Conclusion: The Court accepted the challenge to reopening on the ground of non-application of mind/unsupported reasons and sustained the assessee's grounds on this aspect, leading to quashing of the impugned additions.
Issue (ii): Addition under section 68 on alleged bogus long-term capital gains from listed share sales
Legal framework (as discussed): The Court addressed the addition made under section 68 in respect of long-term capital gains claimed as exempt, examining whether the assessment record contained material to dislodge the assessee's transaction evidence.
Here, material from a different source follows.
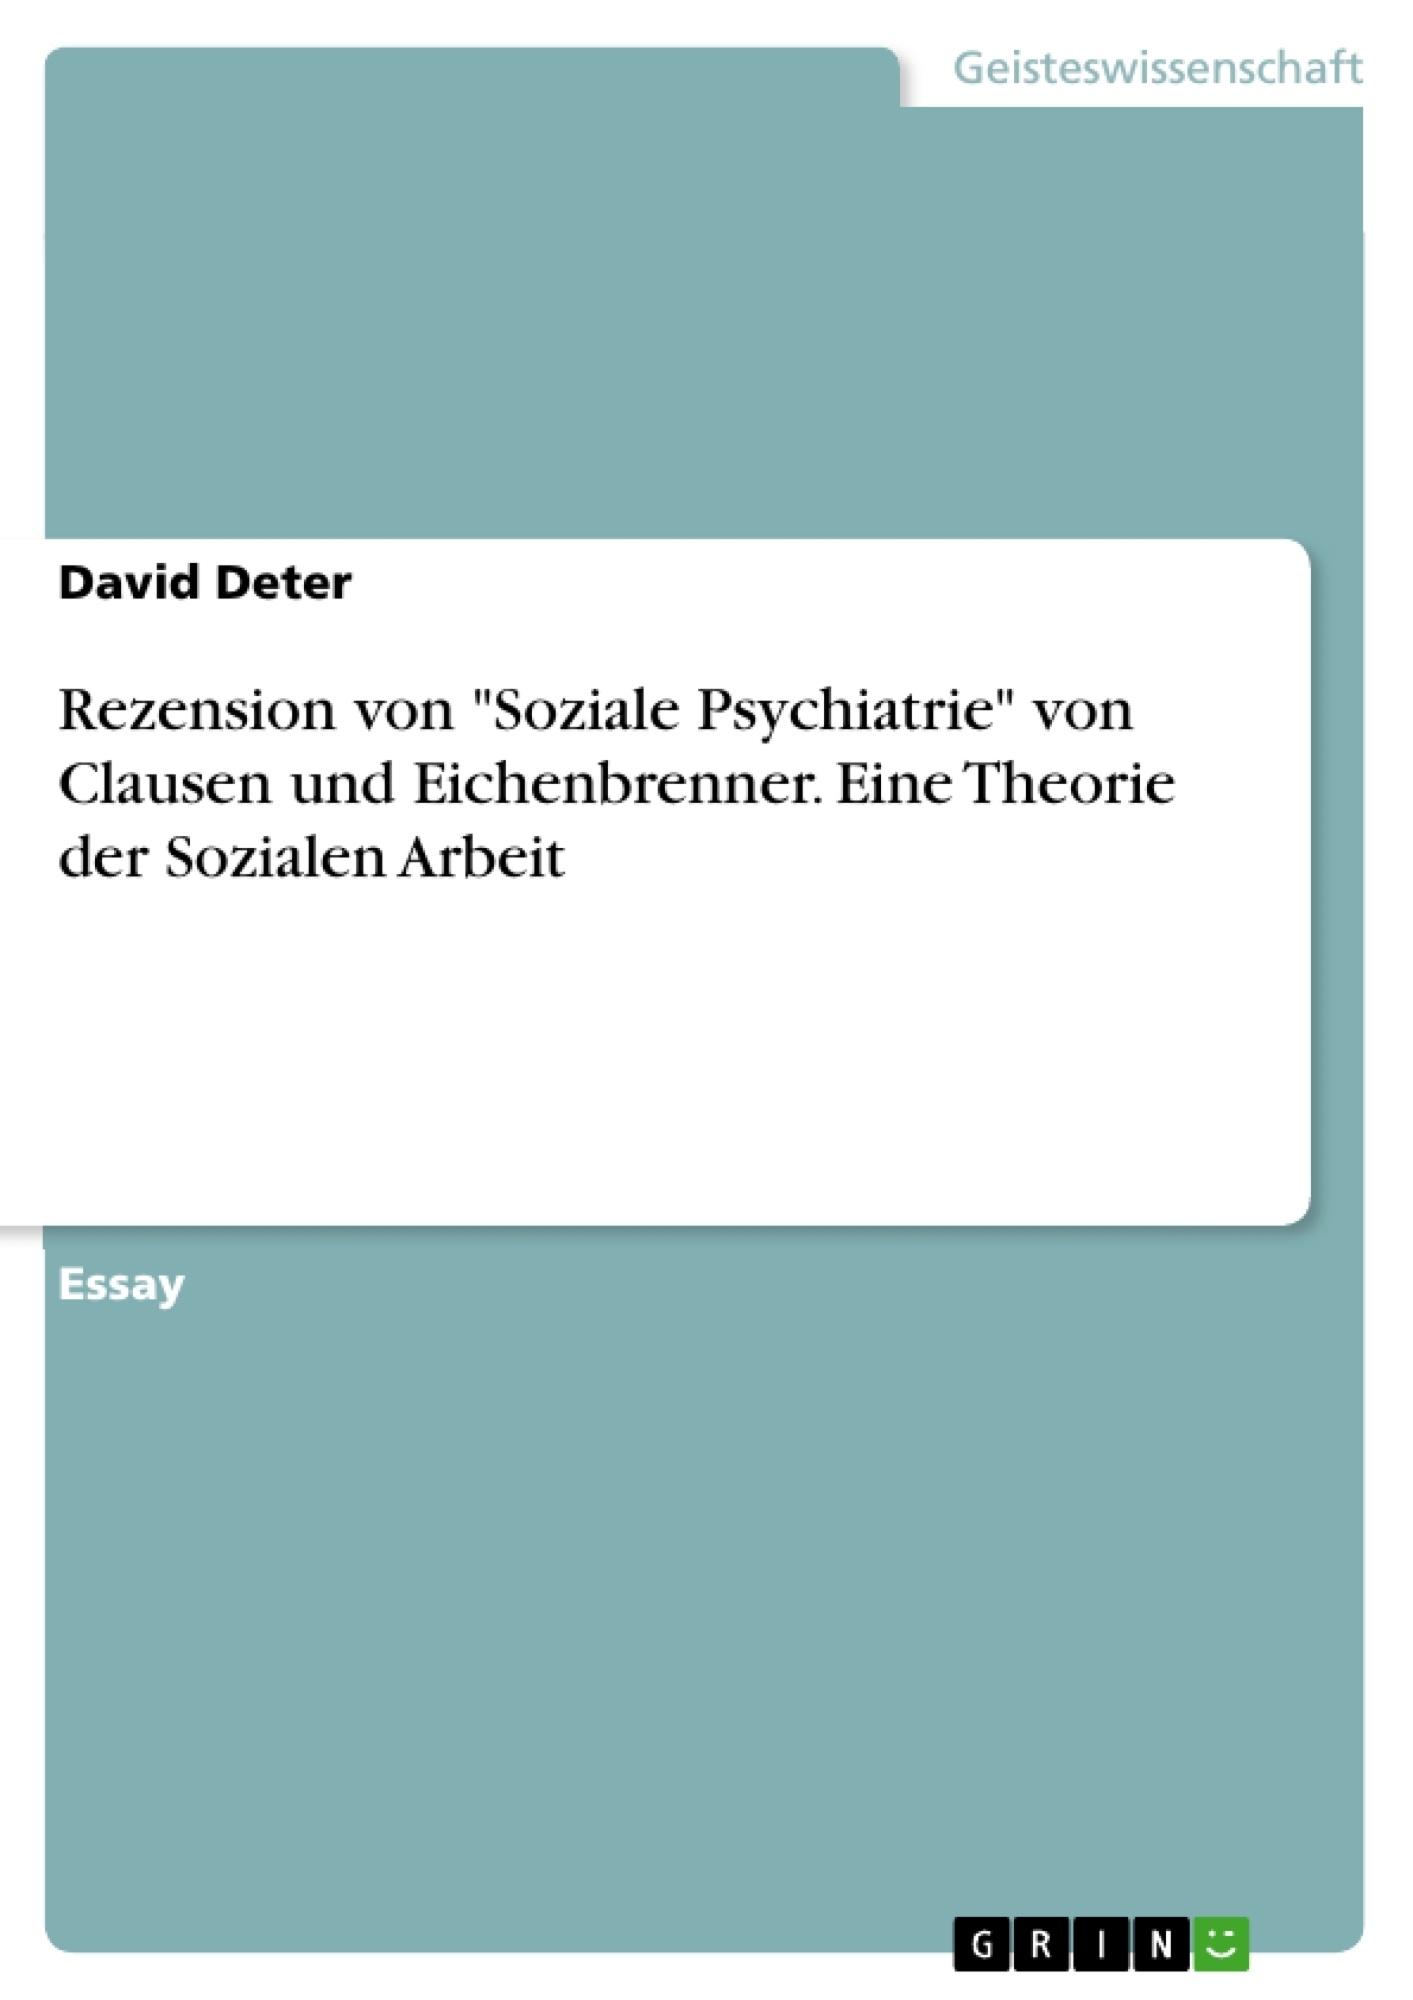 """Titel: Rezension von """"Soziale Psychiatrie"""" von Clausen und Eichenbrenner. Eine Theorie der Sozialen Arbeit"""

Interpretation and reasoning: The Court held that the Assessing Officer's conclusion of "bogus" capital gains was not supported by any specific adverse material brought against the assessee beyond INSIGHT portal information. It emphasized that the shares were sold on a recognised stock exchange through a SEBI-registered broker and that securities transaction tax was paid. The Court also found the reliance on SEBI proceedings misplaced because the SEBI enquiry period referred to by the Assessing Officer did not align with the assessee's sale period (the assessee's sales were much later). On these facts, the Court concluded that the assessment failed to establish any concrete contrary evidence to treat the reported gains as unexplained under section 68.
Conclusion: The Court held the section 68 addition unsustainable on the facts and reasoning recorded and quashed the addition on long-term capital gains.
Issue (iii): Addition under section 69C towards alleged commission for arranging bogus gains
Legal framework (as discussed): The Court considered the section 69C addition as an ancillary consequence of the allegation that the gains were bogus and had been facilitated through commission.
Interpretation and reasoning: Since the Court found that the primary premise of bogus long-term capital gains was not supported by positive material and the section 68 addition could not stand, the estimated/ad-hoc commission addition at 5% necessarily lacked foundation.
Conclusion: The Court quashed the section 69C commission addition along with the principal addition.
Additional decisive observation impacting the outcome: The Court found that the first appellate order reflected lack of independent rational consideration of the facts and appeared to proceed on unrelated factual premises, reinforcing the need to interfere and grant relief.